The type of entire_video is also wrong - the type is float32 instead of uint8.
Assuming the entire_video resides in the GPU memory, we also have to copy the tensor to the CPU memory before using write_video.


Before using write_video, we may apply the following stages:

  • Copy the video from the GPU memory to CPU memory (and remove redundant axis):

     entire_video = entire_video[0].detach().cpu()
    
  • Convert from float32 to uint8 applying offset and scale.
    The following code uses global minimum and maximum (the conversion is not optimal - used as example):

     min_val = entire_video.min()
     max_val = entire_video.max()
     entire_video_as_uint8 = ((entire_video - min_val) * 255/(max_val min_val)).to(torch.uint8)
    
  • Reorder the axes to be ordered as [T, H, W, C]:

    • First axis applies frame index (shape value is 45 when there are 45 video frames).

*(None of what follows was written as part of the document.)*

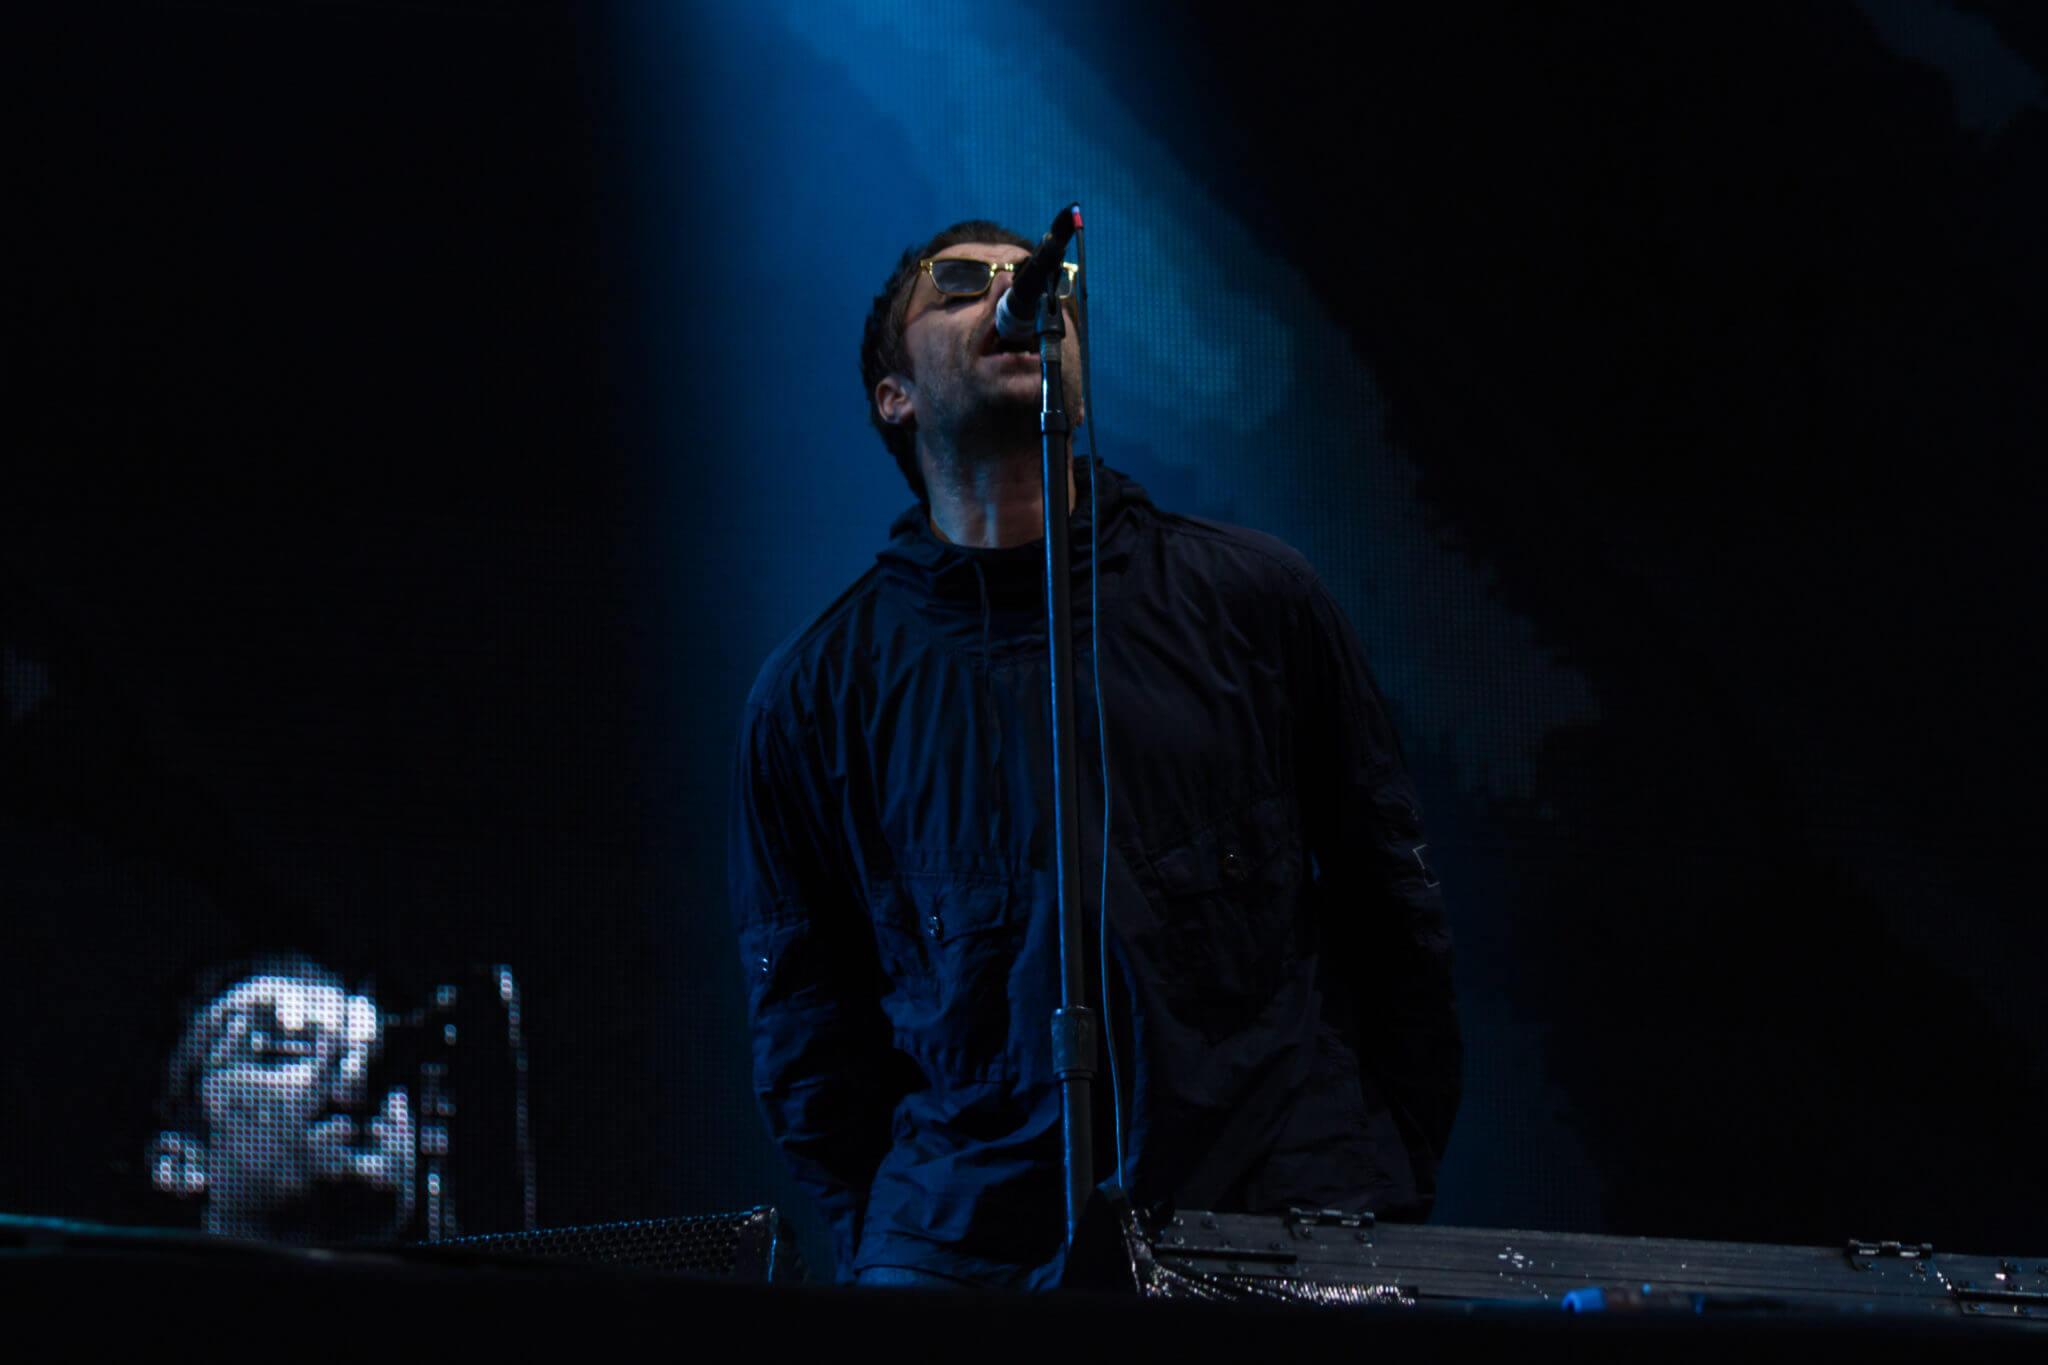 Liam Gallagher @ Lollapalooza Chile 2018. Fotografía: Lukas Cruzat para mor.bo
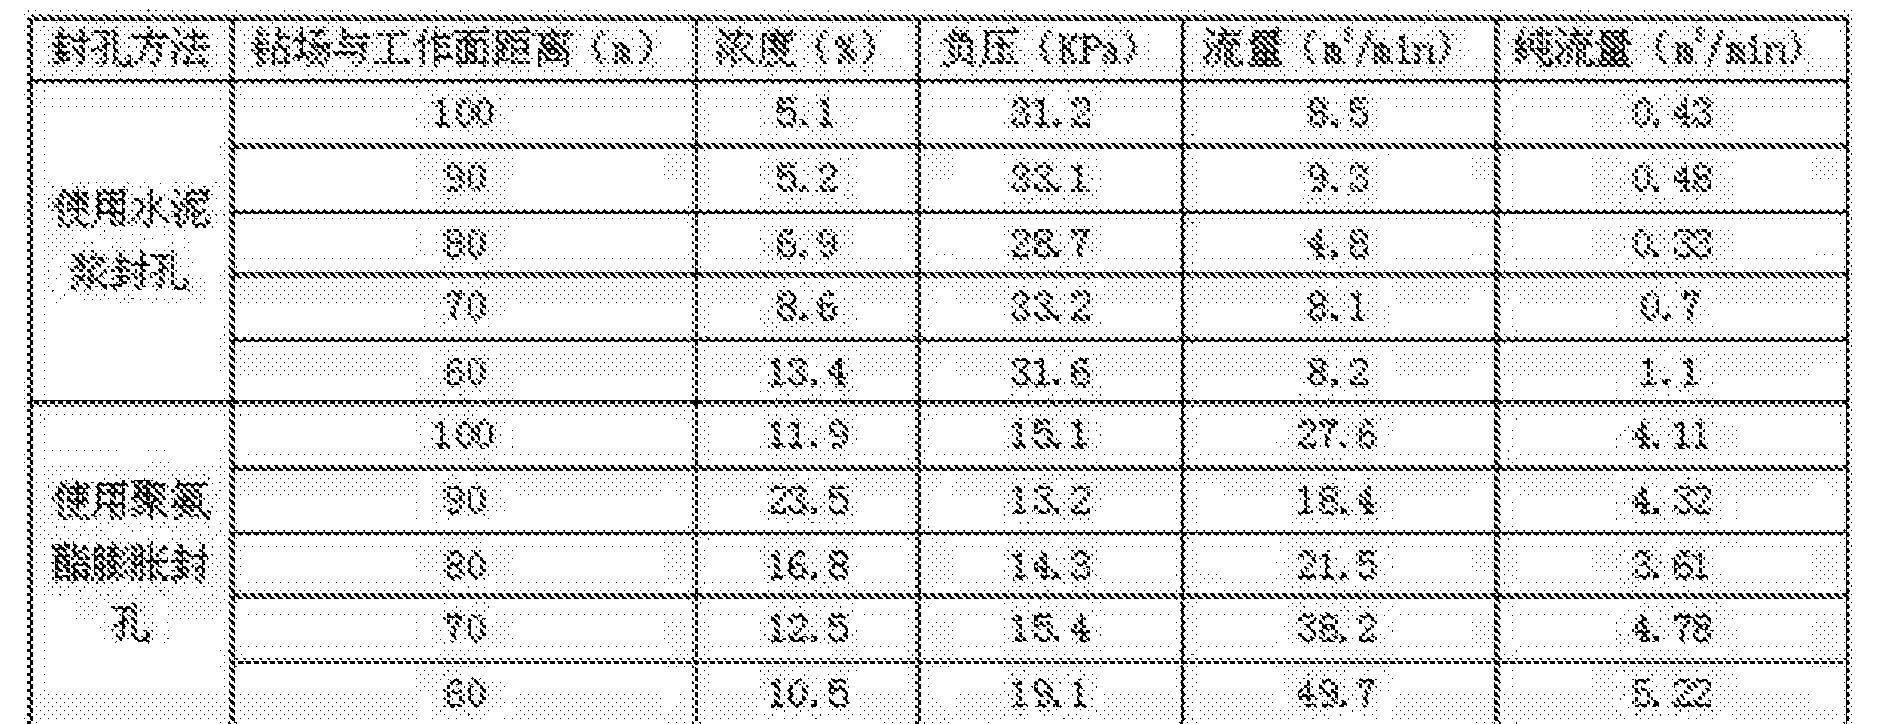 Figure CN205477518UD00061

    • Second axis applies row index (shape value is 256 when there are 256 rows in each frame).

    • Third axis applies column index (shape value is 128 when there are 128 columns in each frame).

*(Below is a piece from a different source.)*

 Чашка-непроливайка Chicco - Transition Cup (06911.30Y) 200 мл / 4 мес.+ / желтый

    • Fourth axis applies applies color channel (shape value is 3, because there are 3 color channels - red, green and blue).

        vid_arr = torch.permute(entire_video_as_uint8, (1, 2, 3, 0))
      

Complete code sample:

import torch
from phenaki_pytorch import CViViT, MaskGit, Phenaki
from phenaki_pytorch import make_video
import torchvision

maskgit = MaskGit(
    num_tokens = 5000,
    max_seq_len = 1024,
    dim = 512,
    dim_context = 768,
    depth = 6,
)

cvivit = CViViT(
    dim = 512,
    codebook_size = 5000,
    image_size = (256, 128),  # video with rectangular screen allowed
    patch_size = 32,
    temporal_patch_size = 2,
    spatial_depth = 4,
    temporal_depth = 4,
    dim_head = 64,
    heads = 8
)

phenaki = Phenaki(
    cvivit = cvivit,
    maskgit = maskgit
).cuda()

entire_video, scenes = make_video(phenaki, texts = [
    'blah blah'
], num_frames=(45, 14, 14), prime_lengths=(5, 5))

print(entire_video.shape)  # (1, 3, 45, 256, 128)

# Copy the video from the GPU memory to CPU memory.
# Apply entire_video[0] for removing redundant axis.
entire_video = entire_video[0].detach().cpu()  # https://stackoverflow.com/a/66754525/4926757

# Convert from float32 to uint8, use global minimum and global maximum - this is not the best solution
min_val = entire_video.min()
max_val = entire_video.max()
entire_video_as_uint8 = ((entire_video - min_val) * 255/(max_val-min_val)).to(torch.uint8)

# https://pytorch.org/vision/stable/generated/torchvision.io.write_video.html
# video_array - (Tensor[T, H, W, C]) – tensor containing the individual frames, as a uint8 tensor in [T, H, W, C] format
# https://pytorch.org/docs/stable/generated/torch.permute.html
vid_arr = torch.permute(entire_video_as_uint8, (1, 2, 3, 0))  # Reorder the axes to be ordered as [T, H, W, C]


print(vid_arr.shape)  # (45, 3, 256, 128)
torchvision.io.write_video(filename="test.mp4", video_array=vid_arr, fps=24)

After all that, the created video file looks like random noise...

enter image description here

It looks like this is the output of make_video and not related to the subject of the post.